Data shown:
★ ★ ★ ★ ★

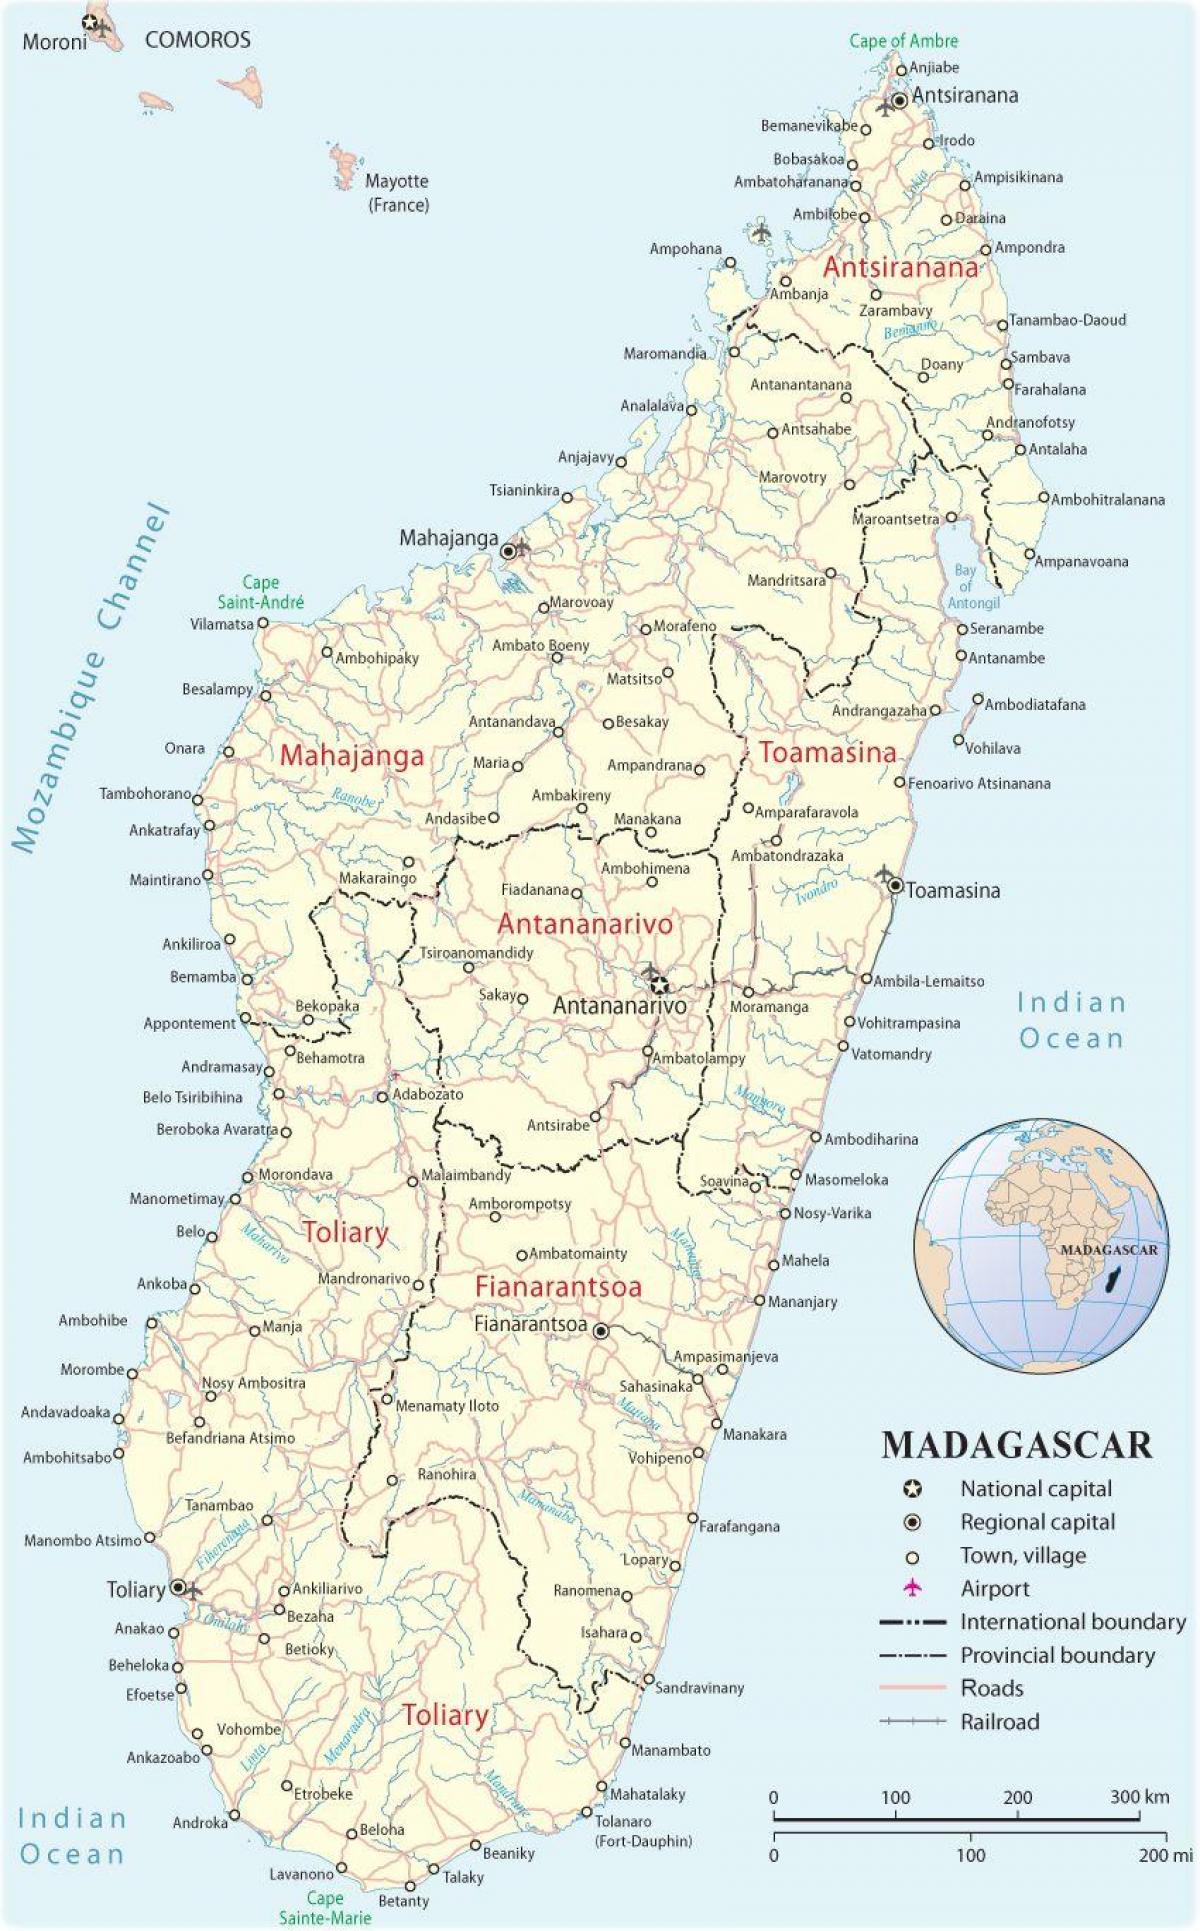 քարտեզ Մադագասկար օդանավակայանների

★ ★ ★ ★ ★

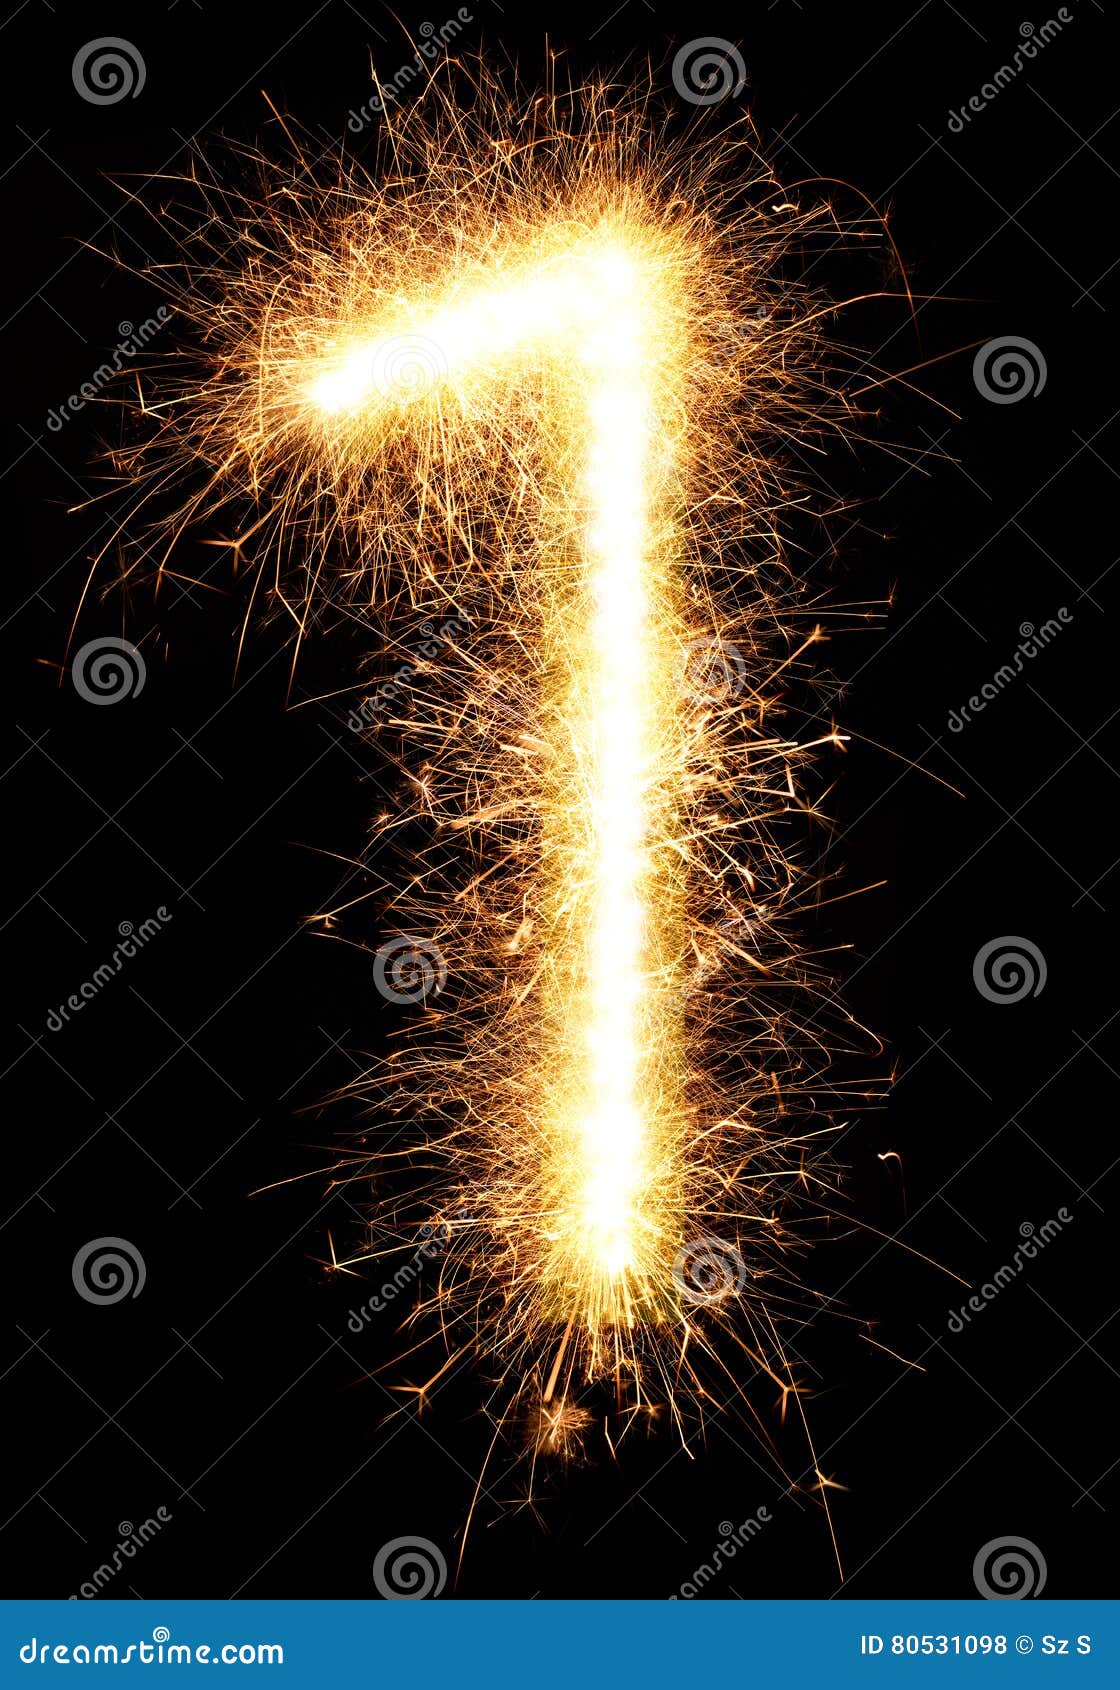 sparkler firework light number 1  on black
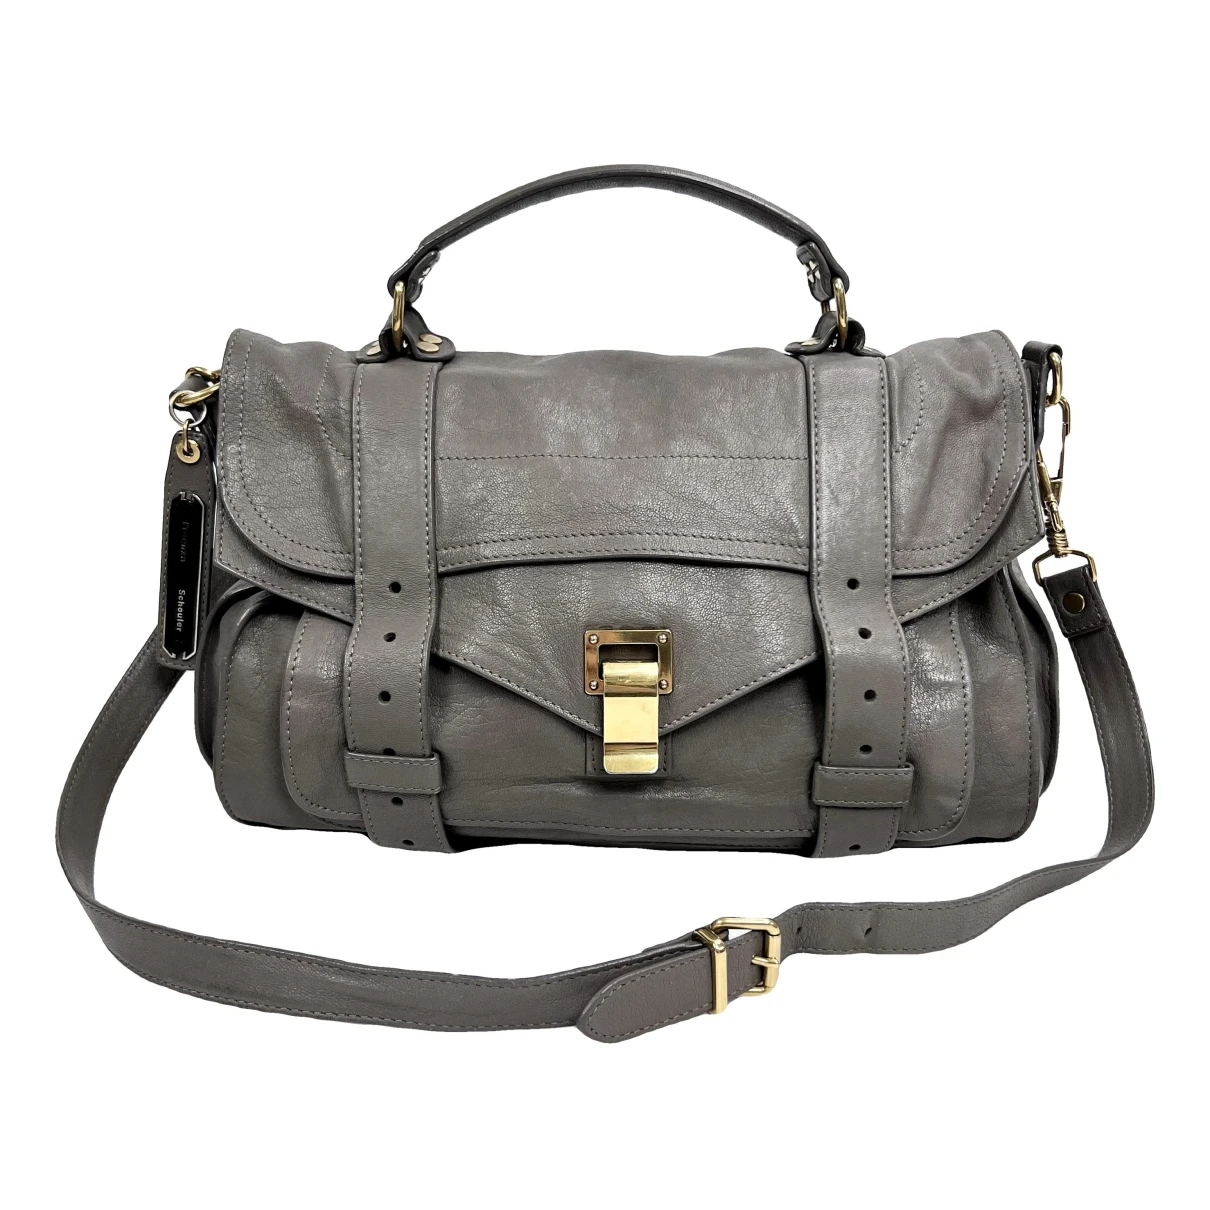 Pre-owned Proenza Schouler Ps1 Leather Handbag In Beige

★ ★ ★ ★ ★

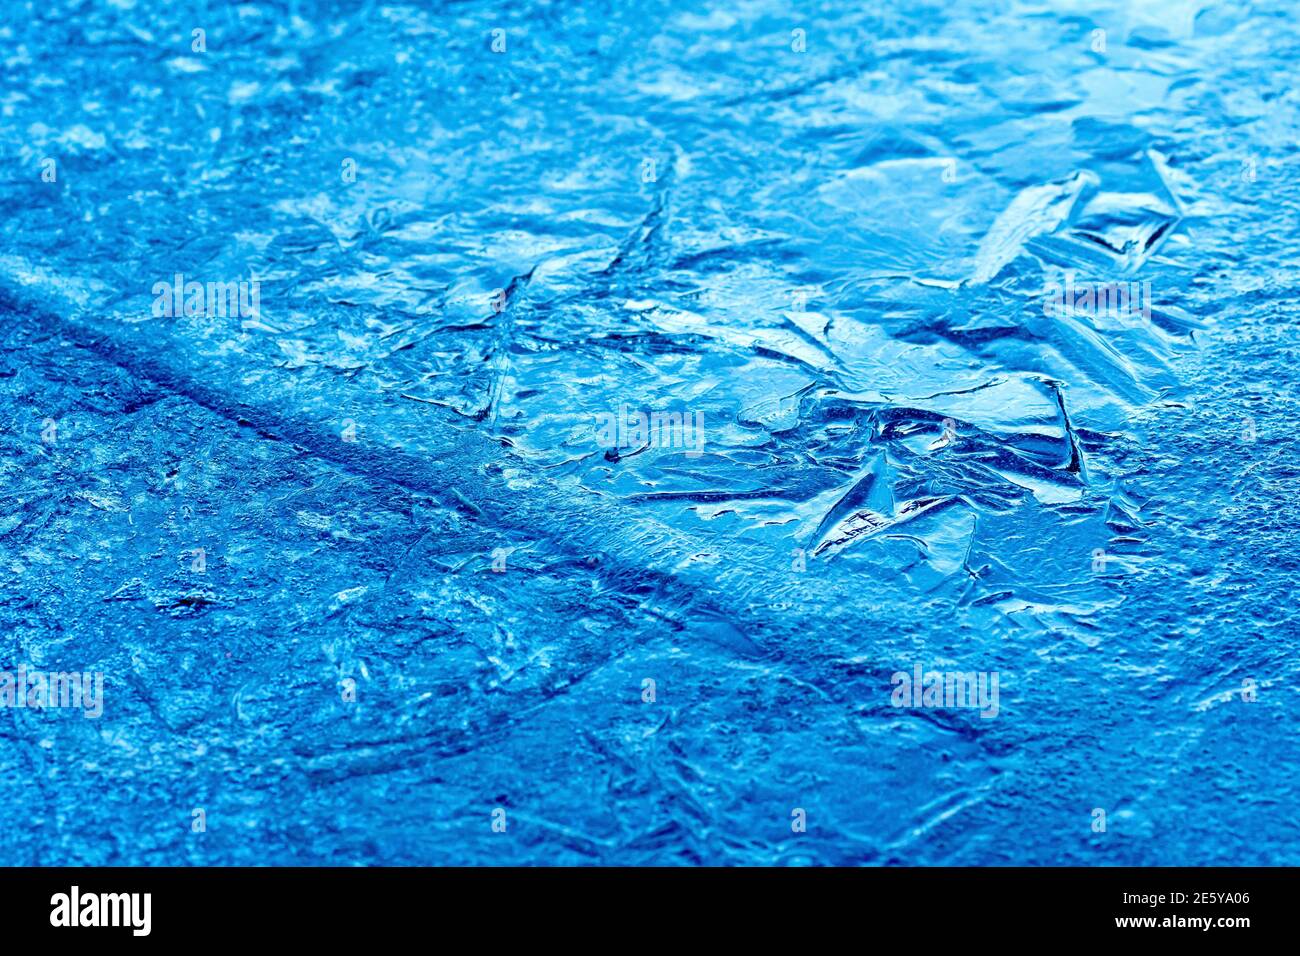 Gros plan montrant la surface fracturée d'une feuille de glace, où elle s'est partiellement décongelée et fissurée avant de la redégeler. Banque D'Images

★ ★ ★ ★ ★

How to complete this task: Transcribe, word for word, the stretch of lines in the data above from the one with "sparkler firework light" through the one with "Pre-owned Proenza Schouler"; omit all pictures.

Response box:
 sparkler firework light number 1  on black
 Pre-owned Proenza Schouler Ps1 Leather Handbag In Beige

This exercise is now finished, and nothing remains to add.